First,…the defendants have not yet been notified and the court rejected the plaintiff’s request to implement the service through alternative means. Unless the plaintiff serves the defendants through the prescribed methods set forth in 28 USC § 1608(a), this action will not proceed. It would be premature to decide whether the claimant can proceed anonymously when it is still unclear whether the action will proceed at all.
Second, the court believes that it must resolve the plaintiff’s request with the benefit of the defendants’ views rather than based on from one side Basis. under The sealed plaintiff In the analysis, the interests of the defendant are an important factor to take into account. Defendants are in the best position to express their interests in this matter; However, since the defendants have not yet appeared, the court lacks the ability to compel them to respond at this stage.
{Under the circumstances here, Defendants may choose to support Plaintiff’s request to proceed anonymously, given Defendants’ institutional interest in encouraging whistleblowers to come forward and Plaintiff’s claims that BKA promised to ensure his safety and protect his confidentiality. Or maybe not. Regardless, the position of the defendants should be taken into account.}
Third, it is unclear what the plaintiff’s position in this court is on the issue that ultimately hampered his efforts to proceed pseudonymously in the DDC suit: his willingness to submit his sealed identity to the court….
If the plaintiff abandoned the DDC claim and filed the immediate suit in the hope that he could somehow avoid having to disclose his identity to this court, he was mistaken.

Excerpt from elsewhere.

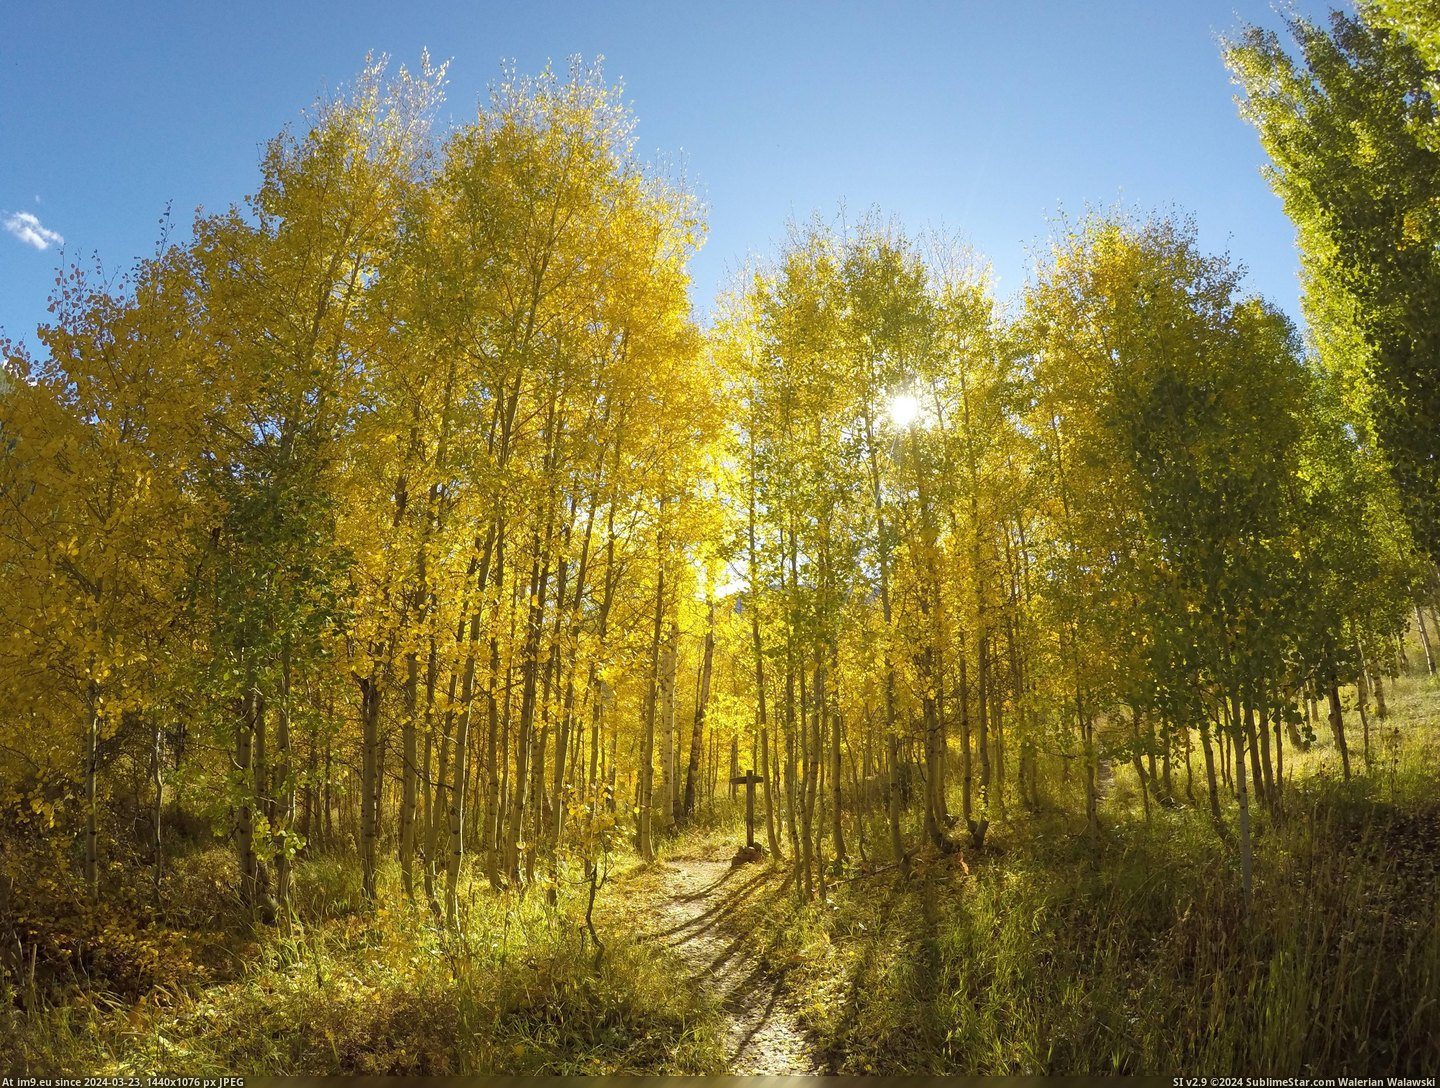 #Colorado #Fall #Gore #Begun #Creek #4000x3000 [Earthporn] Fall has begun at Gore Creek, Colorado  [4000x3000] Pic. (Obraz z album My r/EARTHPORN favs))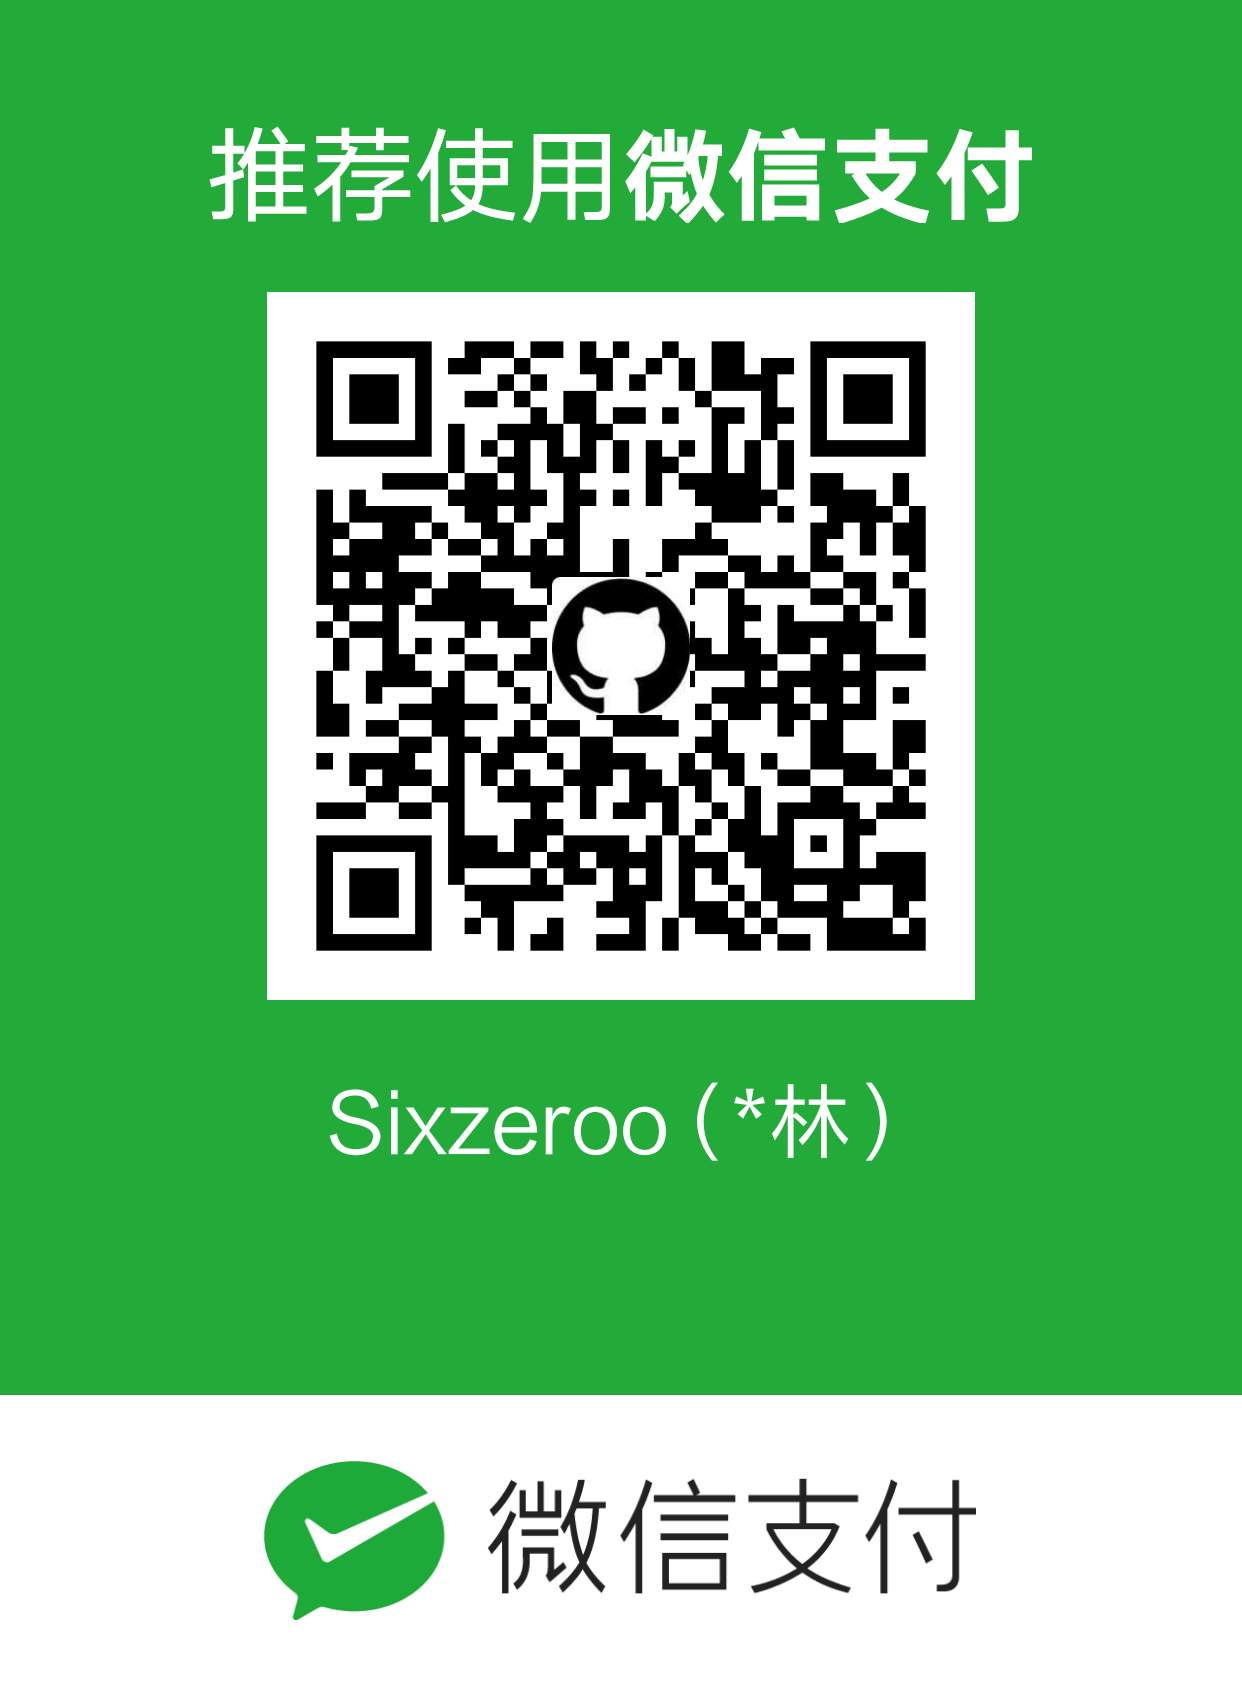 Sixzeroo WeChat Pay

Also in this area, parties acting anonymously must disclose their names (and other identifying information) under seal to the court….
Second Circuit [has] She explained several “vital purposes.”[s]“This requirement is apparently served by pedestrians.” The requirement that a party or his attorney identify himself to the court by his signature “guarantees[s] That the attorney or readily identifiable party assume responsibility for each paper, thus enabling the court to exercise its authority to sanction attorneys and parties who file papers containing misleading or frivolous assertions. The court to fulfill its legal obligations under 28 USC §§ 144 and 455 to investigate conflicts of interest. Moreover, “without knowing” the true identity [the] Parties at the beginning of the case” The court may not give a precluding effect to the rulings in cases between the same parties.
Thus, governing rules and case law make clear that parties who wish to utilize this forum to seek injunctive relief must submit identifying information to the court, even if they have been granted permission to proceed under an assumed name. Accordingly, if the plaintiff reiterates his or her request to proceed anonymously in a timely manner, the court, if inclined to grant such a request, will nonetheless require the plaintiff to disclose his or her identity information to the court under seal in some manner. Unless the plaintiff expresses a willingness to do so, no analysis is necessary The sealed plaintiff factors and determine whether the plaintiff has demonstrated the right to proceed anonymously.
The court takes into account plaintiff’s concerns that the risks to his physical safety, and the corresponding need to protect his identity, are unusually acute in this case. These concerns may support the formulation of a sealing procedure that protects plaintiff confidentiality as much as possible (for example, by allowing sealed documents to be filed and maintained in paper rather than electronic form). However, it does not justify completely dispensing with the “established requirement” that court files reveal the identity of the applicant.